Rentberry has set sights on millennial tenants looking for flexible renting for as short as three months and for as long as one year. “Our goal is to bring one gold standard to the home rental industry that, no matter where you travel, you get the same quality home and the same level of service,” says Oleksiy Lubinsky, Rentberry CEO.

Although not quite catching up with the flexible housing trend, Airbnb reacted at the peak of the pandemic by offering “long-term” rentals of more than 28 days. The move seeks to offer a market for relocating workers, as 80% of the hosts on the platform were willing to offer longer stays. The company is also offering monthly rentals, completely furnished and set up for remote workers including Wi-Fi and office spaces.

Vrbo has also jumped on the bandwagon and is currently offering monthly stays, despite predominantly catering to short-term, holiday rentals.

  1. The Return To Normal

According to The Wall Street Journal, roughly half of office workers in the U.S. have continued working remotely. As some companies normalize their policies and ask them to come back, flexible living might decrease in terms of demand according to providers' predictions.

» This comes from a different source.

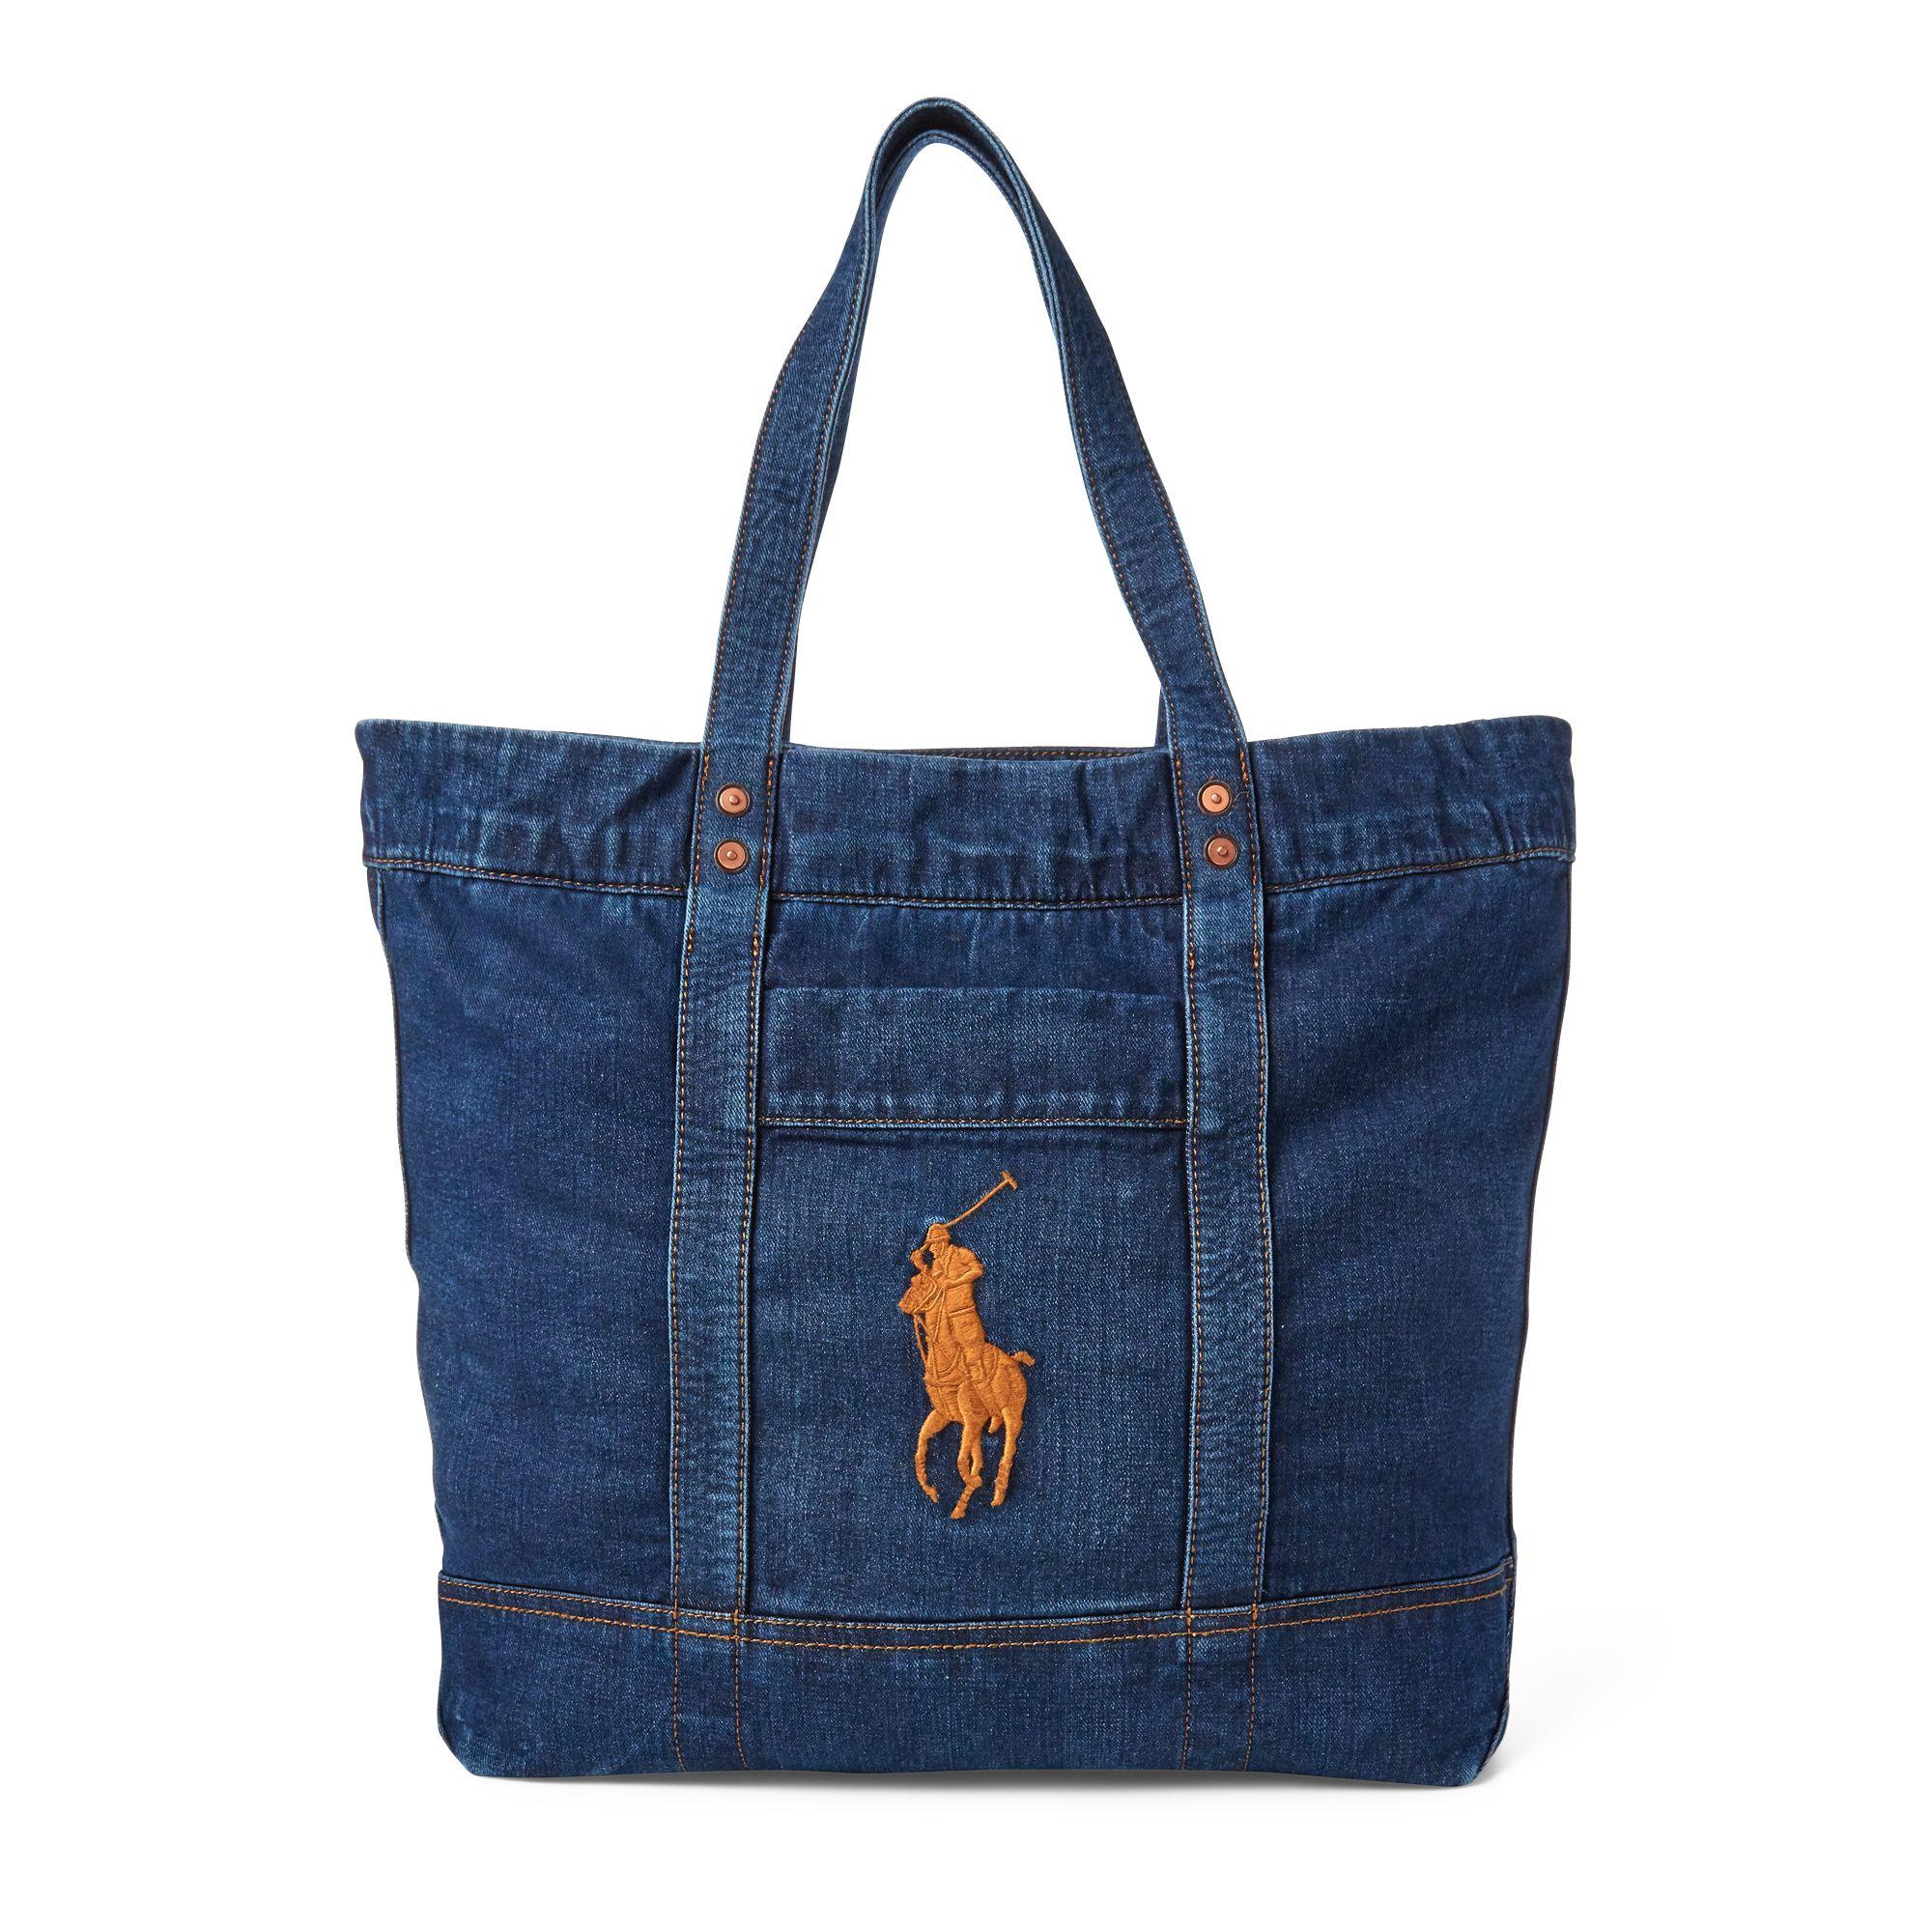 Polo Ralph Lauren Denim Big Pony Tote Bag in Navy (Blue) - Lyst

“Housing companies estimate that the number of workers staying away entirely will eventually drop to around 20%,” which still represents around 36 million workers. This emphasizes the potential of this market even after the pandemic.

Back to a new normal in which employees will ditch the 12-month apartment lease and look for more flexibility, housing platforms and companies are going to adapt and offer more convenient options.

Some firms will launch into capitalizing on the readjustment by allowing for more flexibility. Companies like Zeus Living released its “Nomad” pilot program “that allows unlimited moves within a six-month period with only 14 days’ notice.”

“Once you’re on an Uber, you can’t go back to taking a cab ride in the rain,” says Zeus Living’s co-founder and CEO Kulver Taggar.

In New York alone, according to data from New York City listing site StreetEasy and quoted by Forbes, the number of month-to-month leases soared by 70% while the share of furnished rentals jumped by more than 40% in 12 months.

“Nationally, StreetEasy’s parent company, Zillow Group Inc (NASDAQ:Z) +2.1%, saw an unprecedented surge in rentals for six months or less starting around the week of March 10. Between that day and the end of April, there was a 33% increase in short-term rentals.”

Companies are confident that, despite workers returning to the office, the trend will continue and there will be a great chance to capitalize on a market that grew at a staggering rate during the pandemic. Although somehow latent before COVID-19, flexible living is having a prime time, and businesses with elastic lease terms and a solid offer are expected to succeed.